[[ Dataset excerpt, beginning ]]
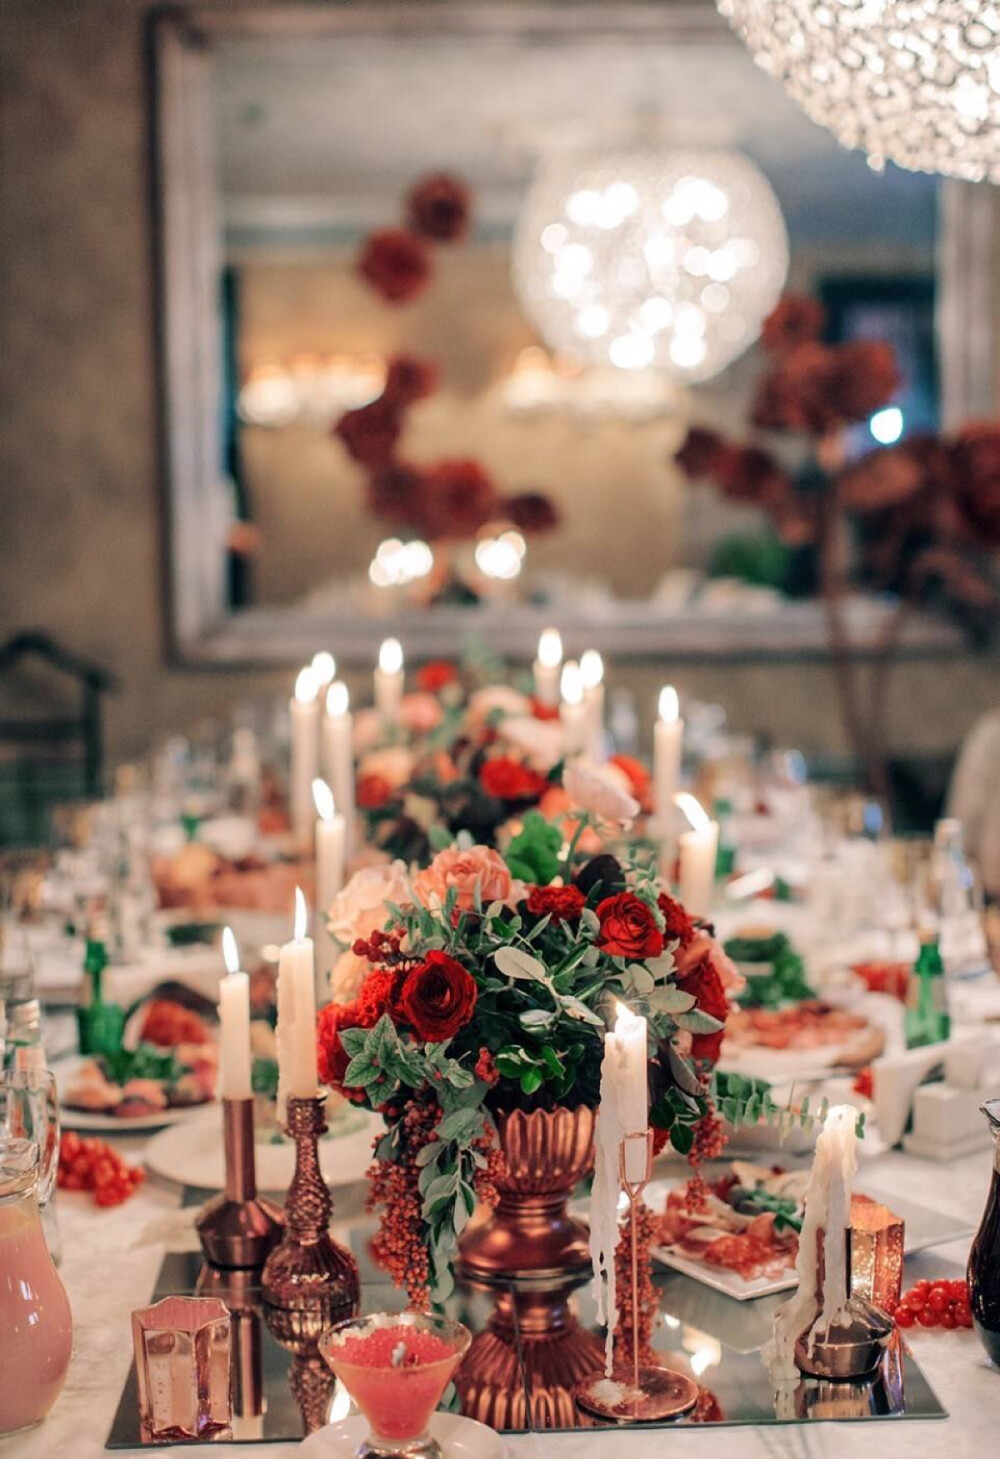 一瓶红葡萄酒为主题。在此基础上，大胆的运用葡萄酒红，铜，金，粉的色调作为装饰用花，酒红色天鹅绒，大型花朵，水果，芝士蛋糕和大量的蜡烛，创造了一个独特神奇的红葡萄酒婚礼。
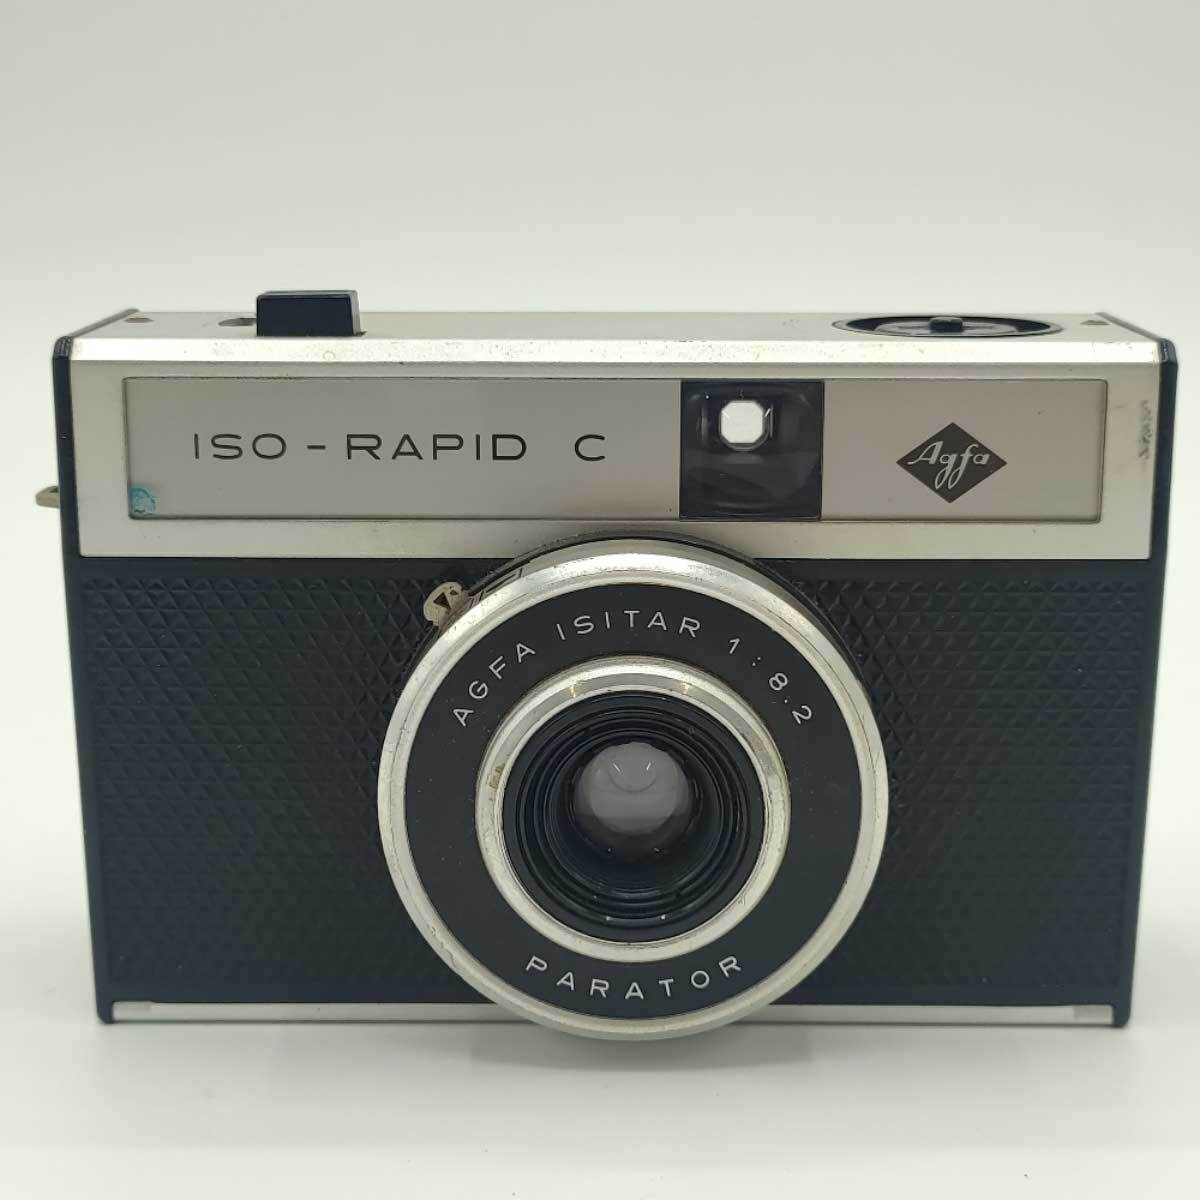 【中古】アグファ ISO-RAPID c PARATOR ドイツ製 ヴィンテージ アンティークカメラ Agfa_画像1
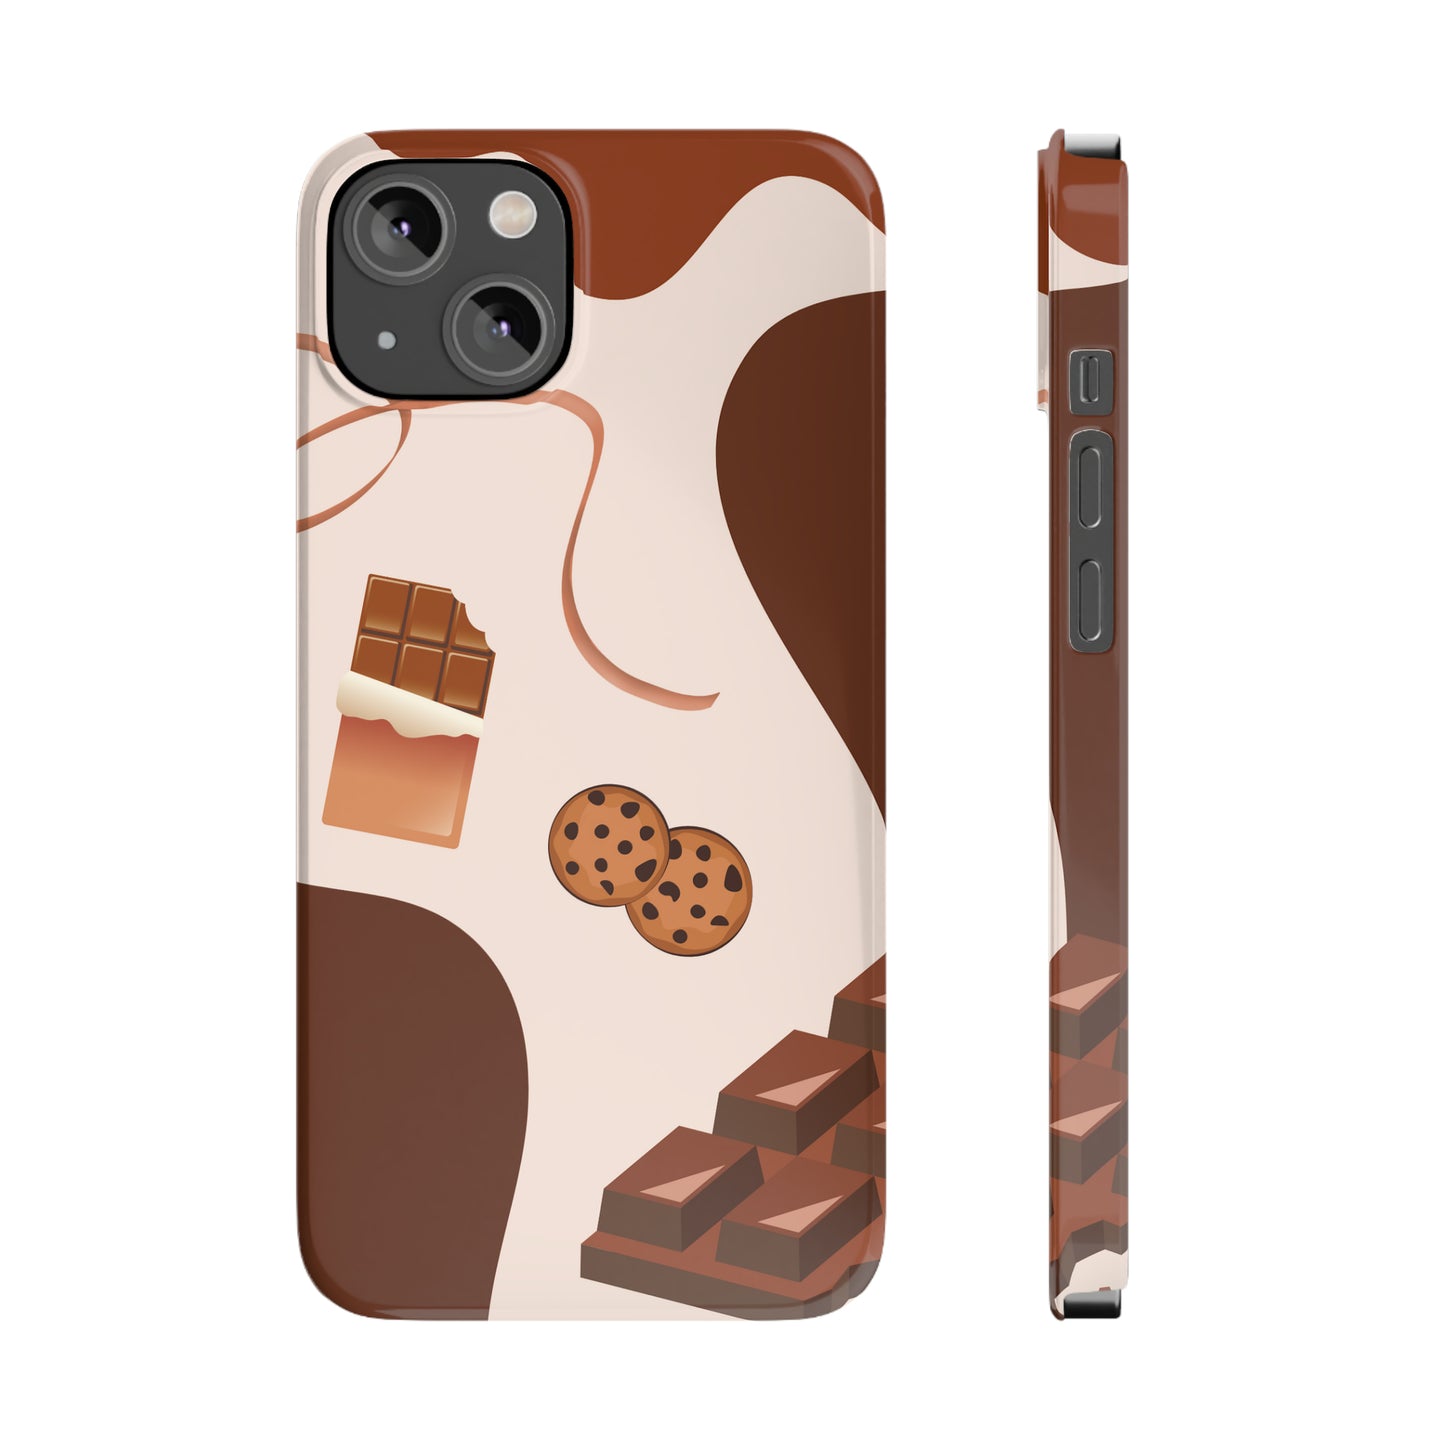 Choco Slim Phone Cases
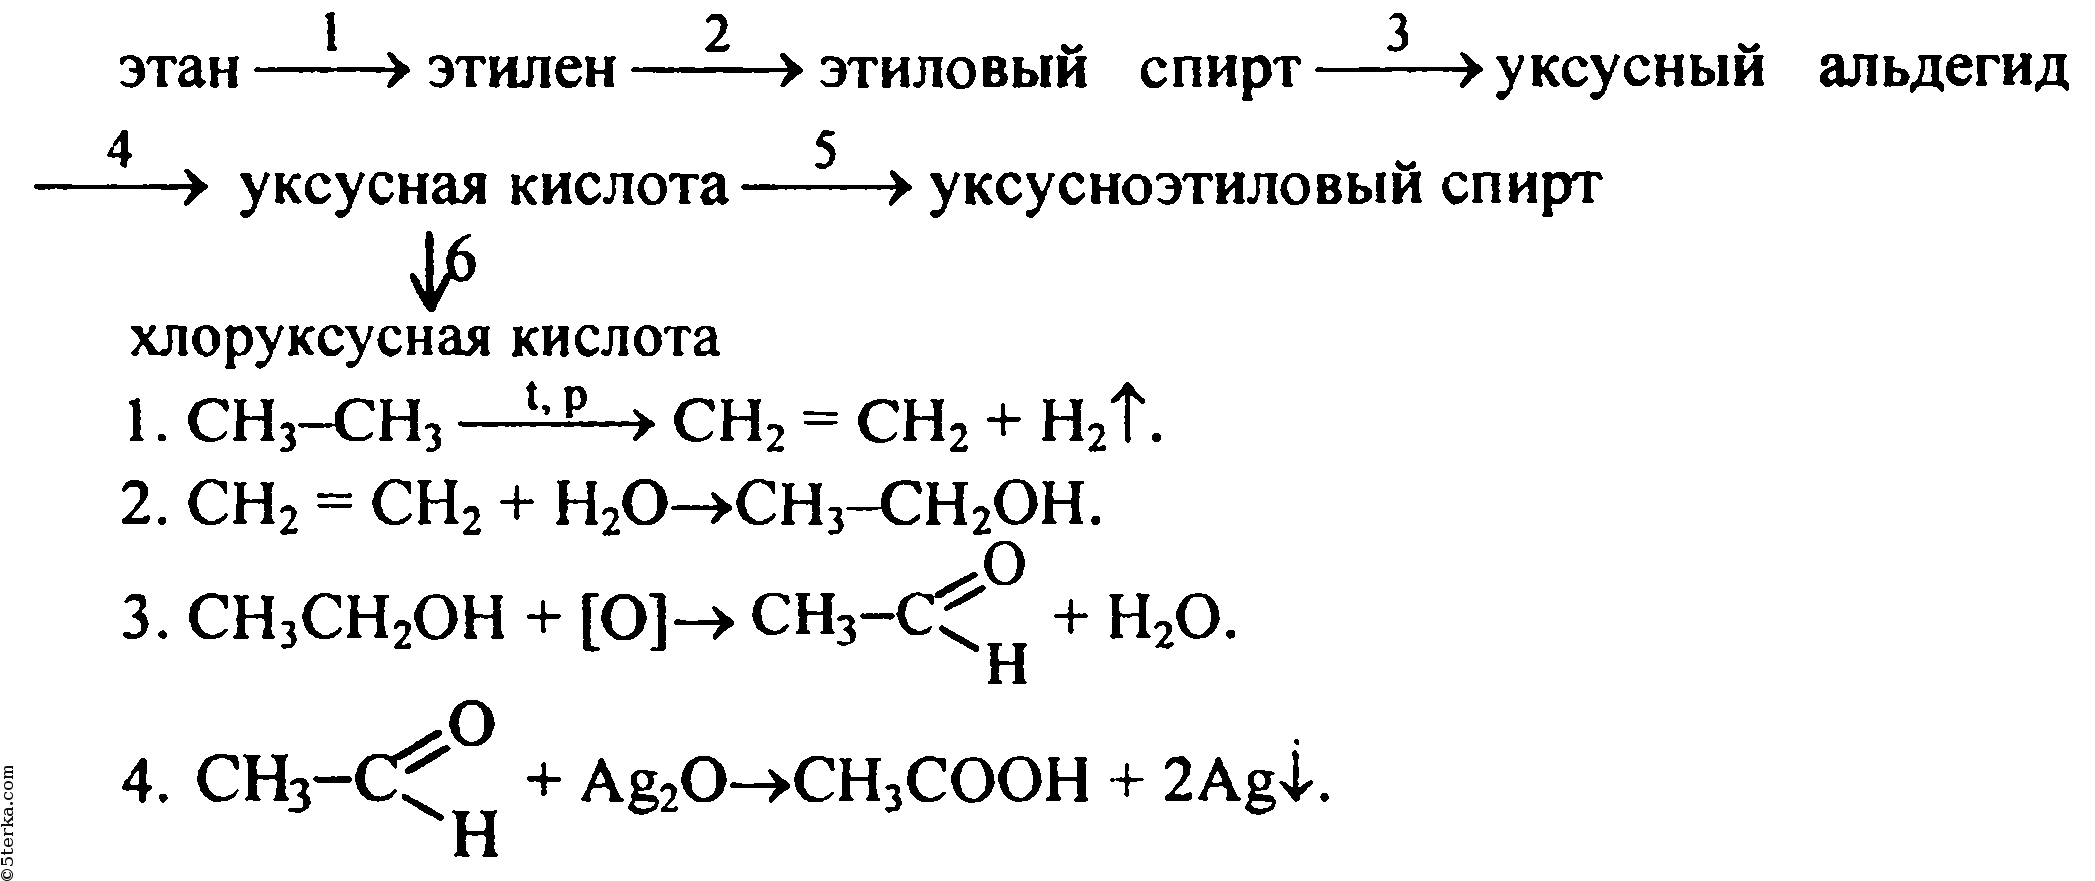 Этан в хлорэтан реакция. Схема получения альдегидов из метана. Схема реакции уксусной кислоты.
[[ Dataset excerpt, end ]]
→ **Task details**:
The listing must be repeated word for word, and none of its pictures may appear in the copy.

→ **Solution for this exercise**:
 一瓶红葡萄酒为主题。在此基础上，大胆的运用葡萄酒红，铜，金，粉的色调作为装饰用花，酒红色天鹅绒，大型花朵，水果，芝士蛋糕和大量的蜡烛，创造了一个独特神奇的红葡萄酒婚礼。
 【中古】アグファ ISO-RAPID c PARATOR ドイツ製 ヴィンテージ アンティークカメラ Agfa_画像1
 Choco Slim Phone Cases
 Этан в хлорэтан реакция. Схема получения альдегидов из метана. Схема реакции уксусной кислоты.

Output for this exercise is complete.